▸ Dataset extract:
»»
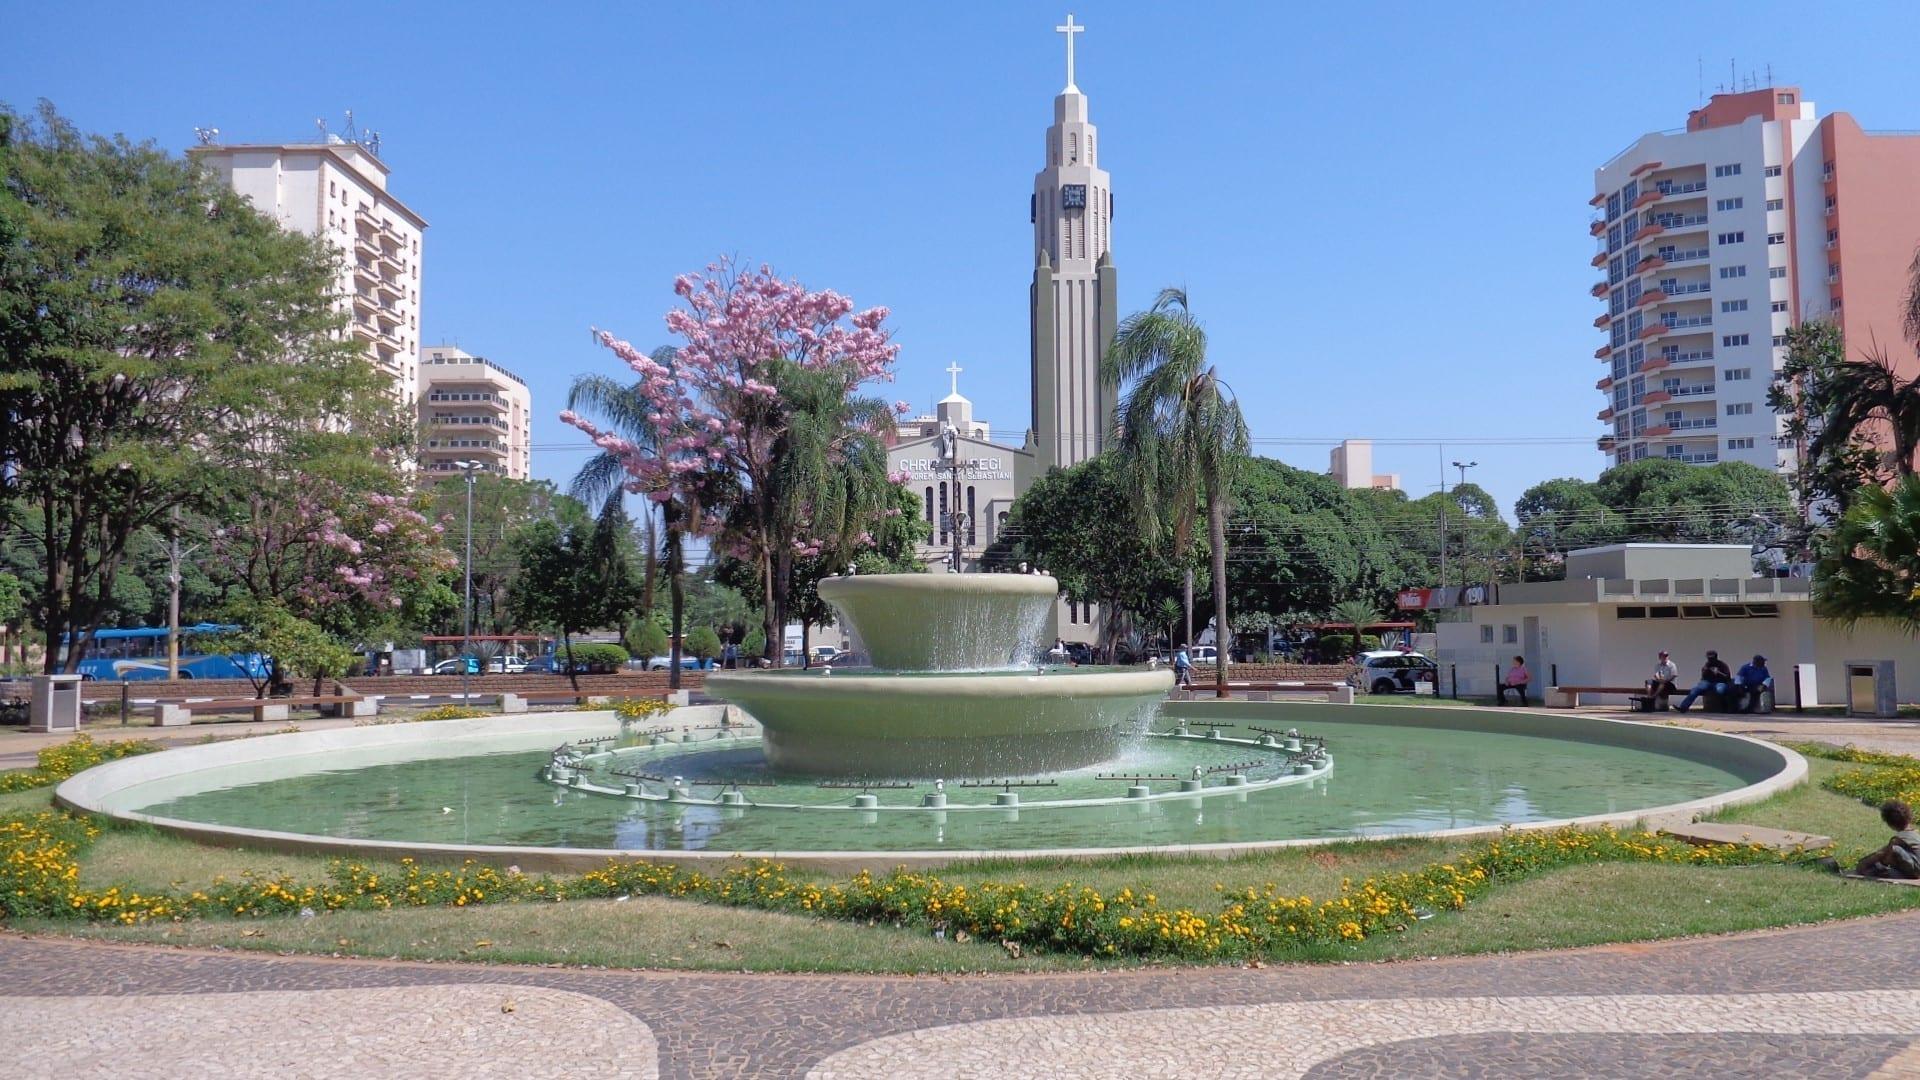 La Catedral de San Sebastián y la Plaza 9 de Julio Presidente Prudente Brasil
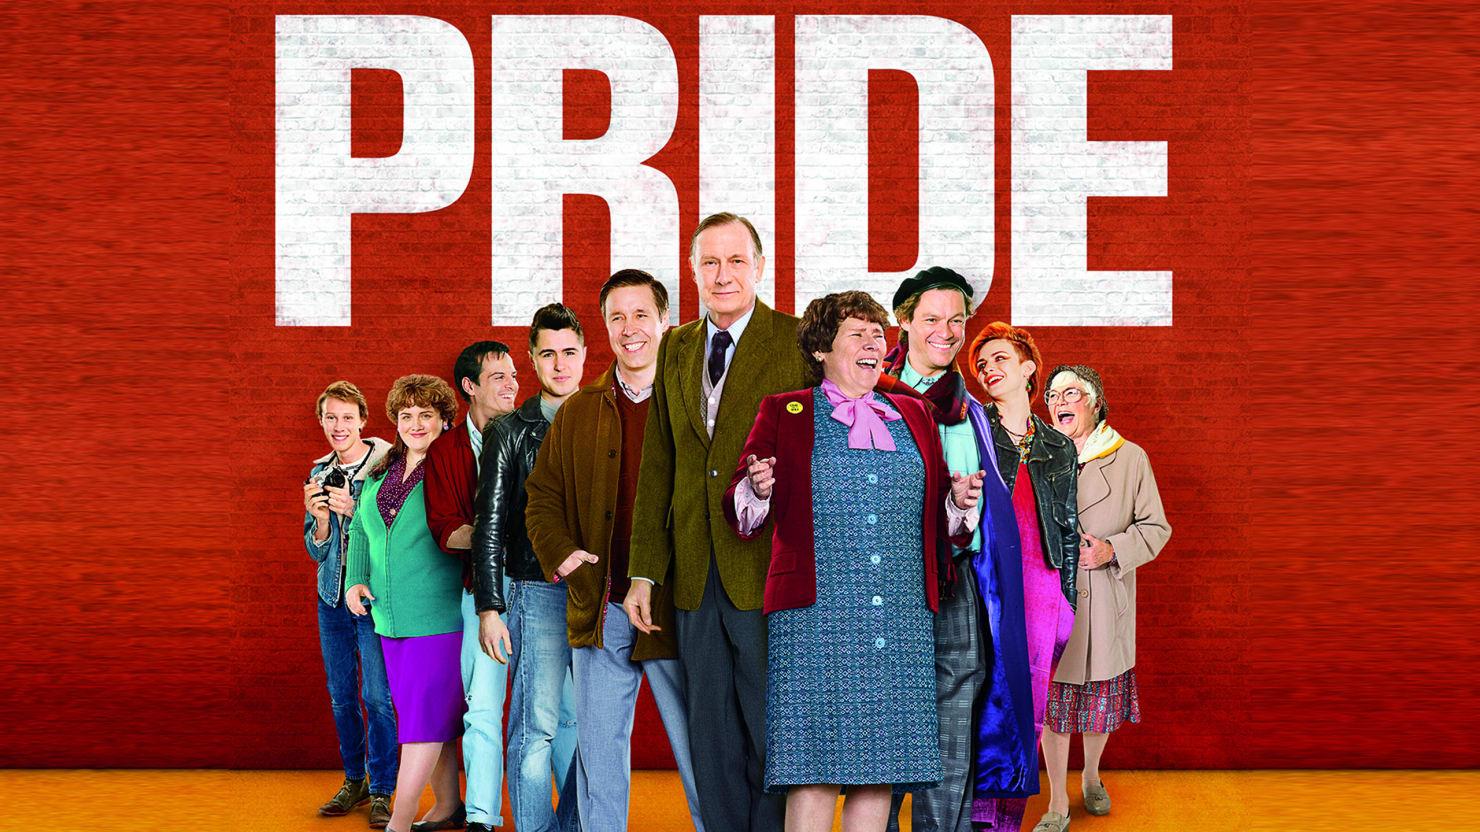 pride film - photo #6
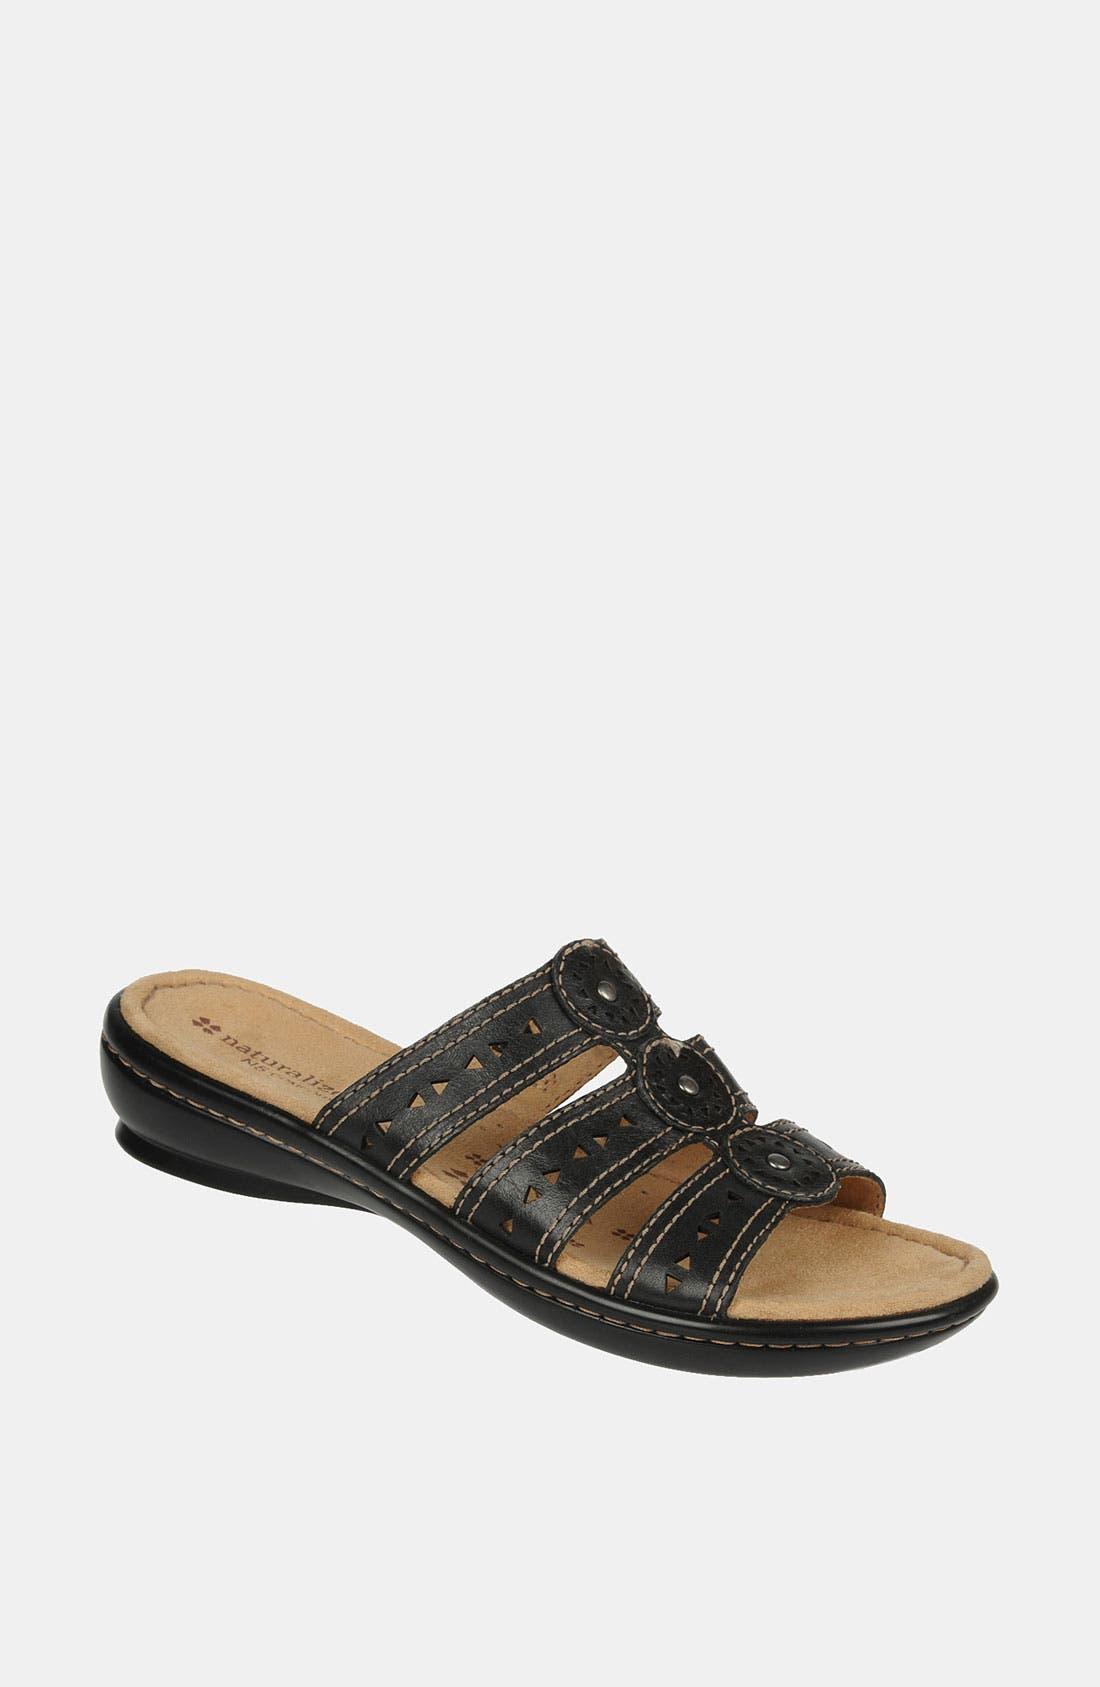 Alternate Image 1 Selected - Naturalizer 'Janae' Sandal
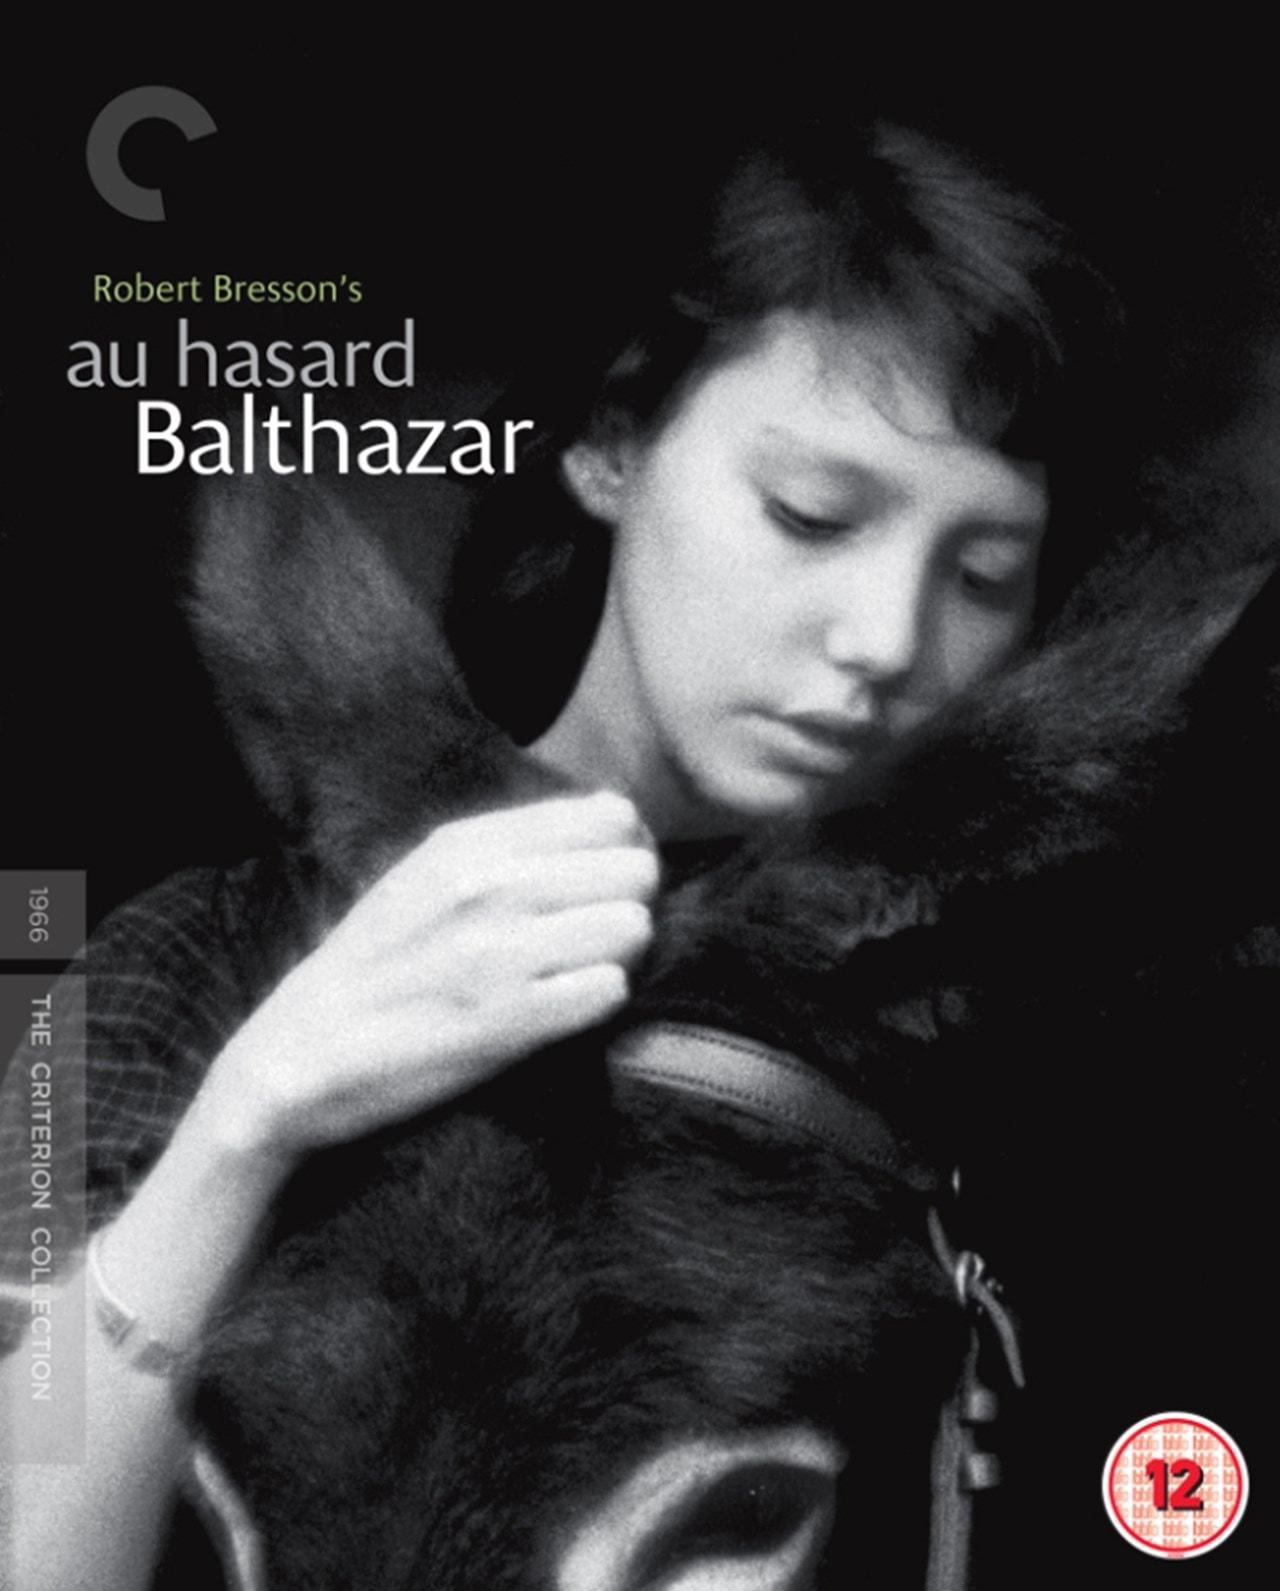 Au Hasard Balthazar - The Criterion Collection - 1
««
▸ Work instructions: Could you restate the material word for word, skipping any pictures it holds?

▸ Task solution:
 La Catedral de San Sebastián y la Plaza 9 de Julio Presidente Prudente Brasil
 pride film - photo #6
 Alternate Image 1 Selected - Naturalizer 'Janae' Sandal
 Au Hasard Balthazar - The Criterion Collection - 1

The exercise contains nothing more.